Your task.
Each line of the data below should be restated exactly, with images left out.

** Data segment follows **

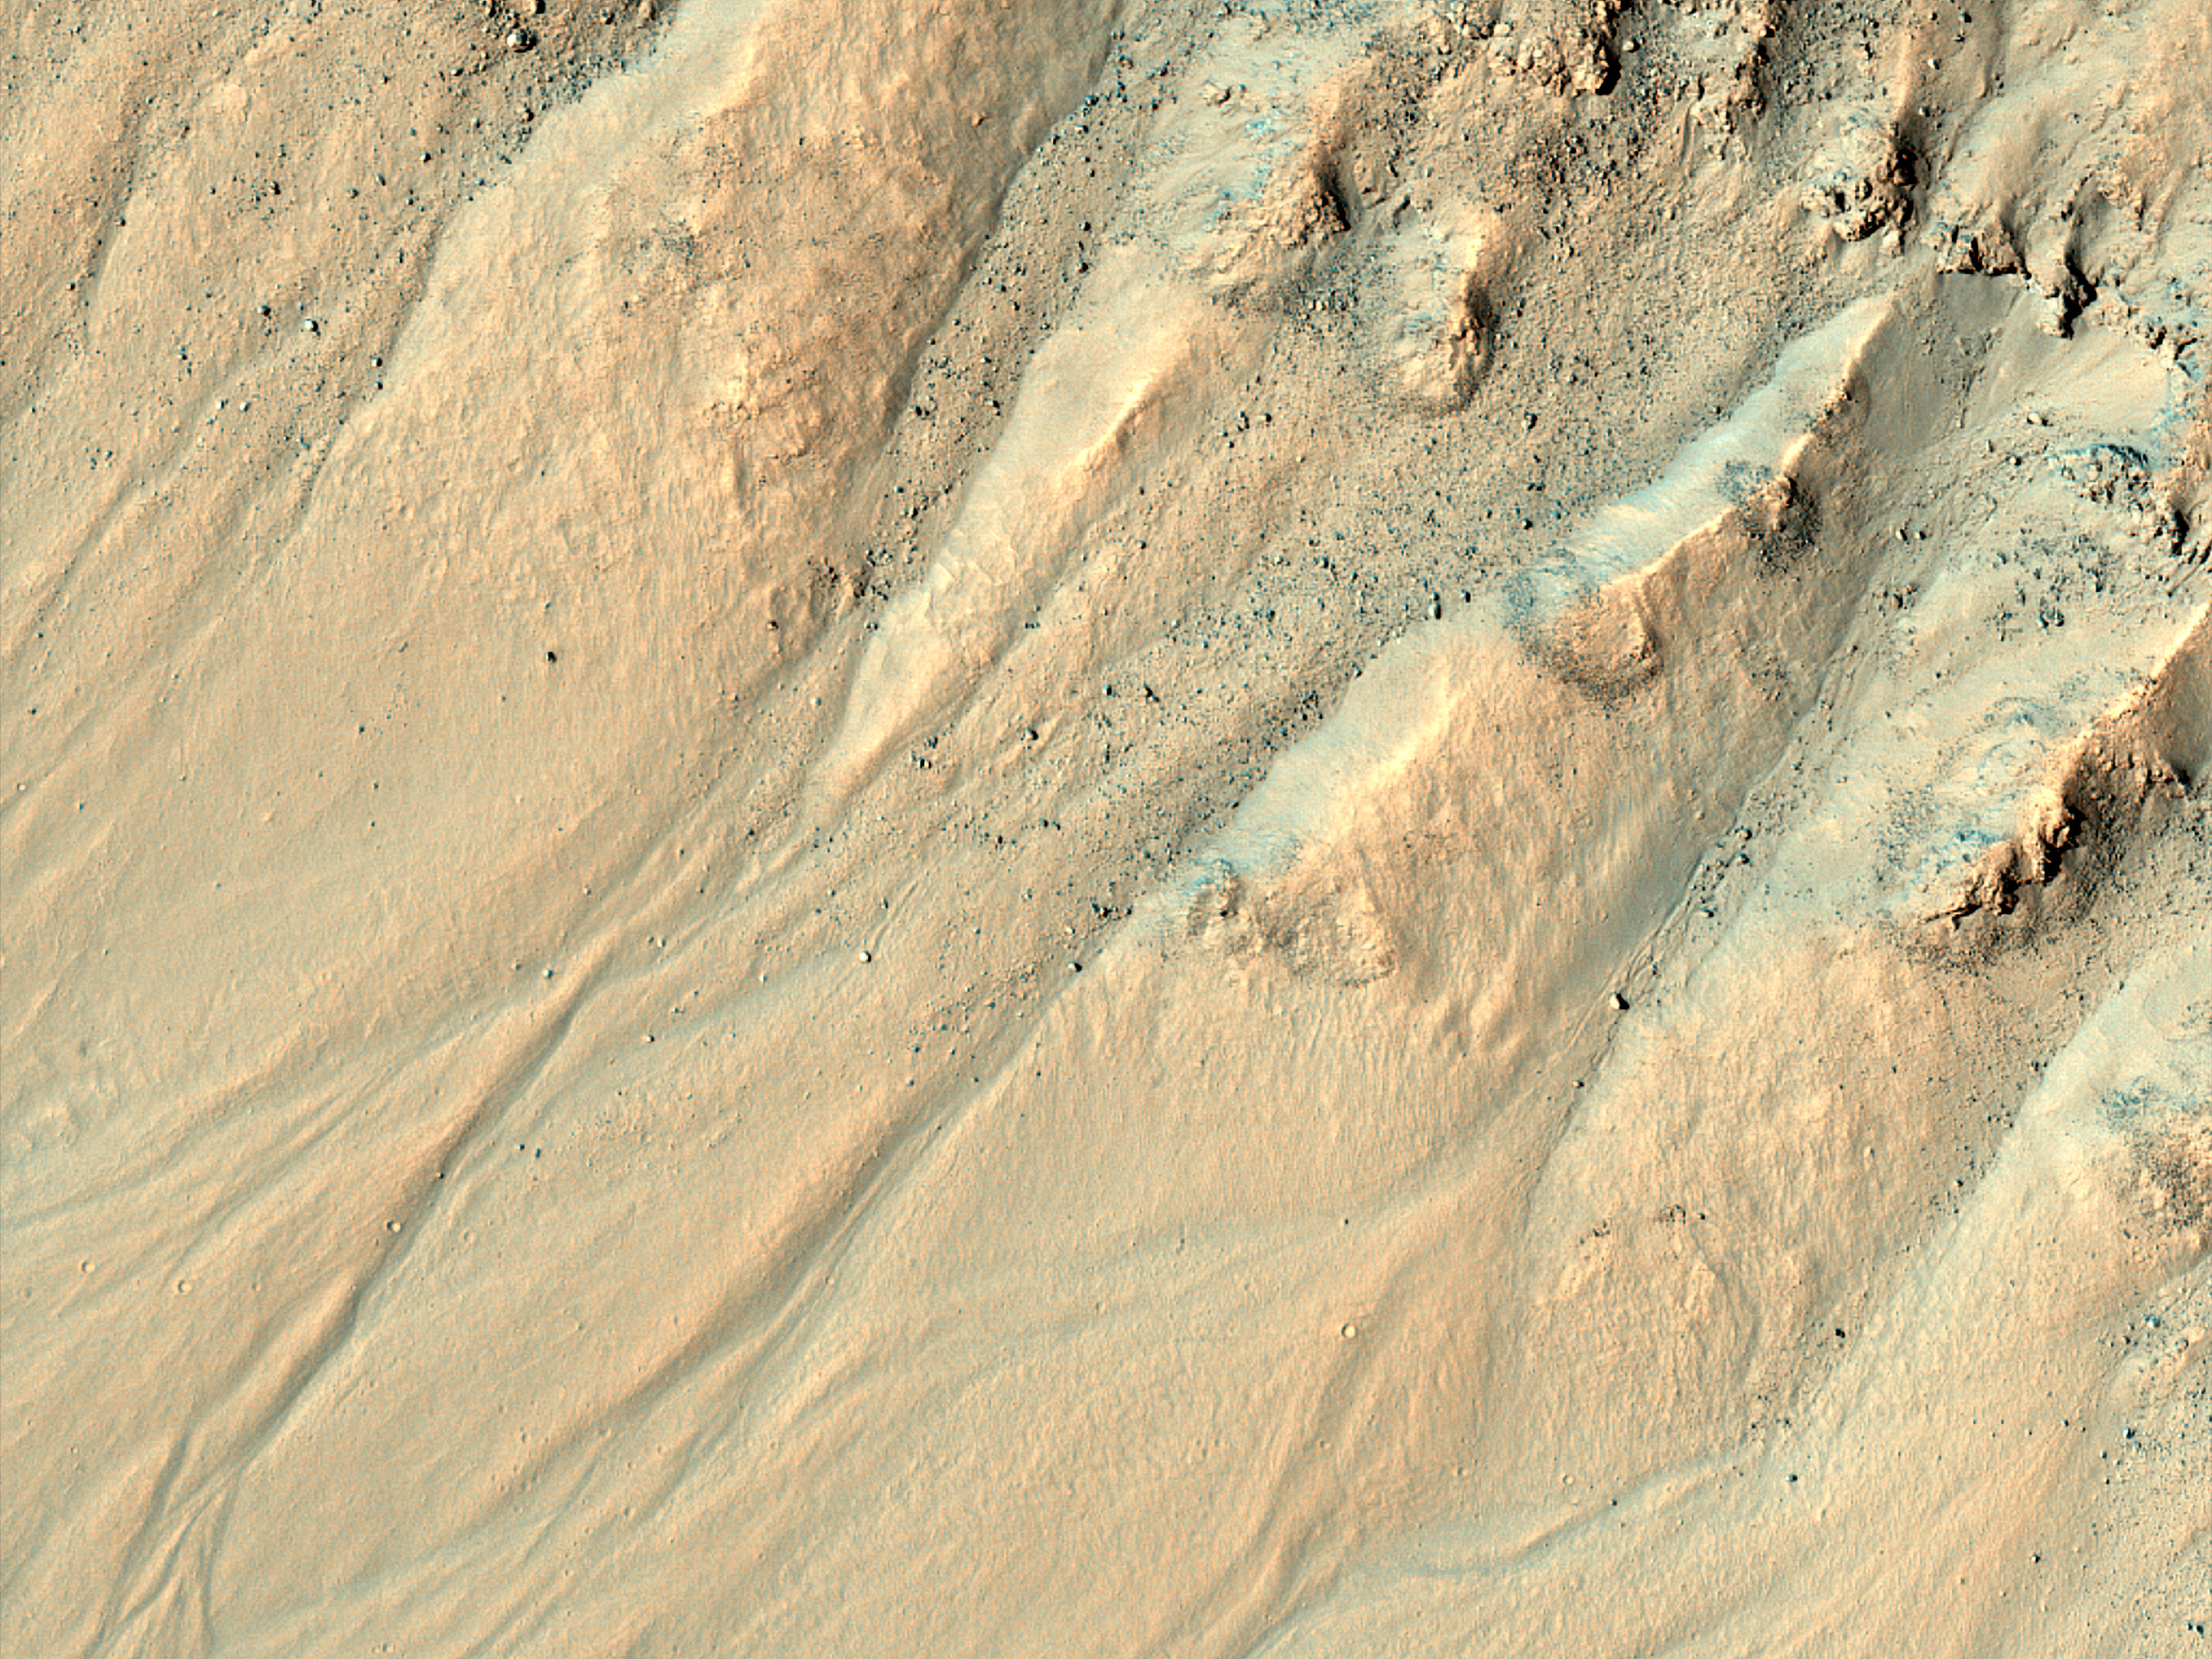 Gullies in a Crater in Terra Cimmeria
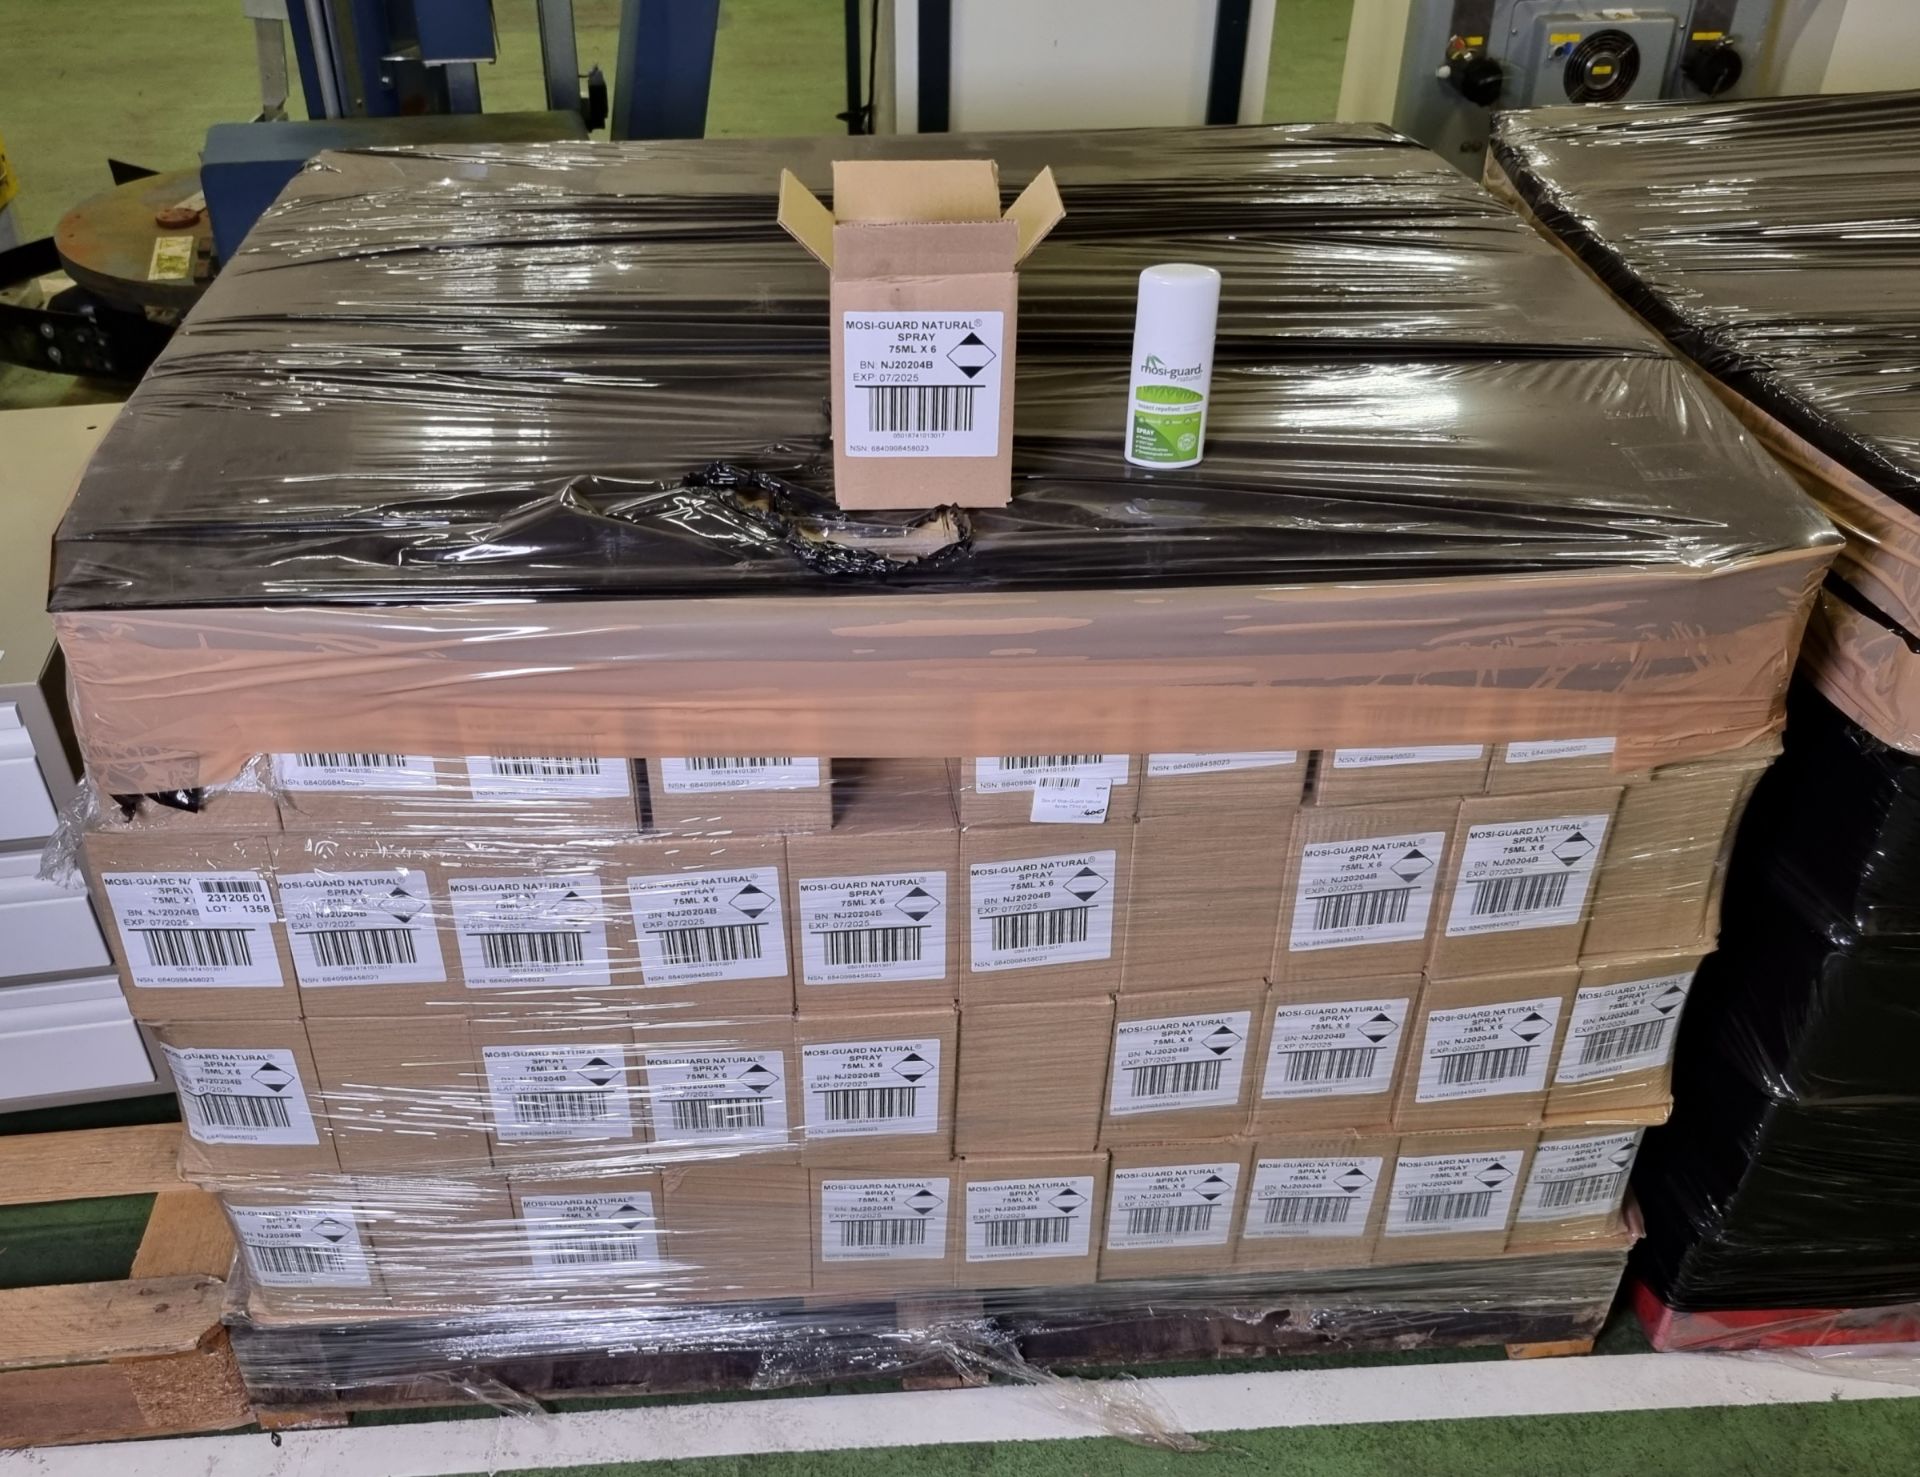 400x boxes of Mosi-Guard Natural Spray 75ml - 6 per box
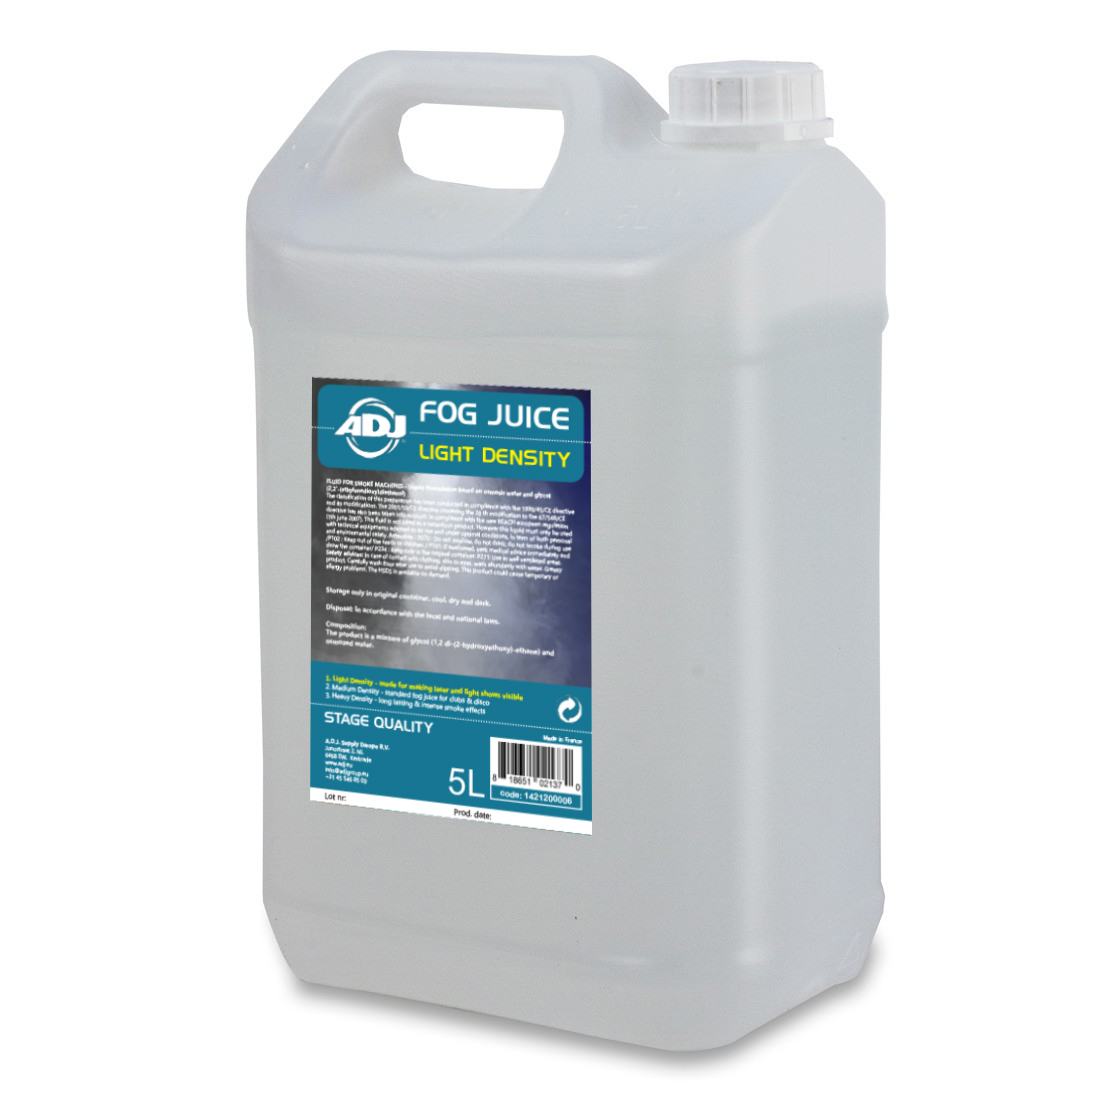 ADJ Fog juice 1 light -5 Liter Glycol als Träger

** End of Data segment **

Finished exercise.
 Gullies in a Crater in Terra Cimmeria
 400x boxes of Mosi-Guard Natural Spray 75ml - 6 per box
 ADJ Fog juice 1 light -5 Liter Glycol als Träger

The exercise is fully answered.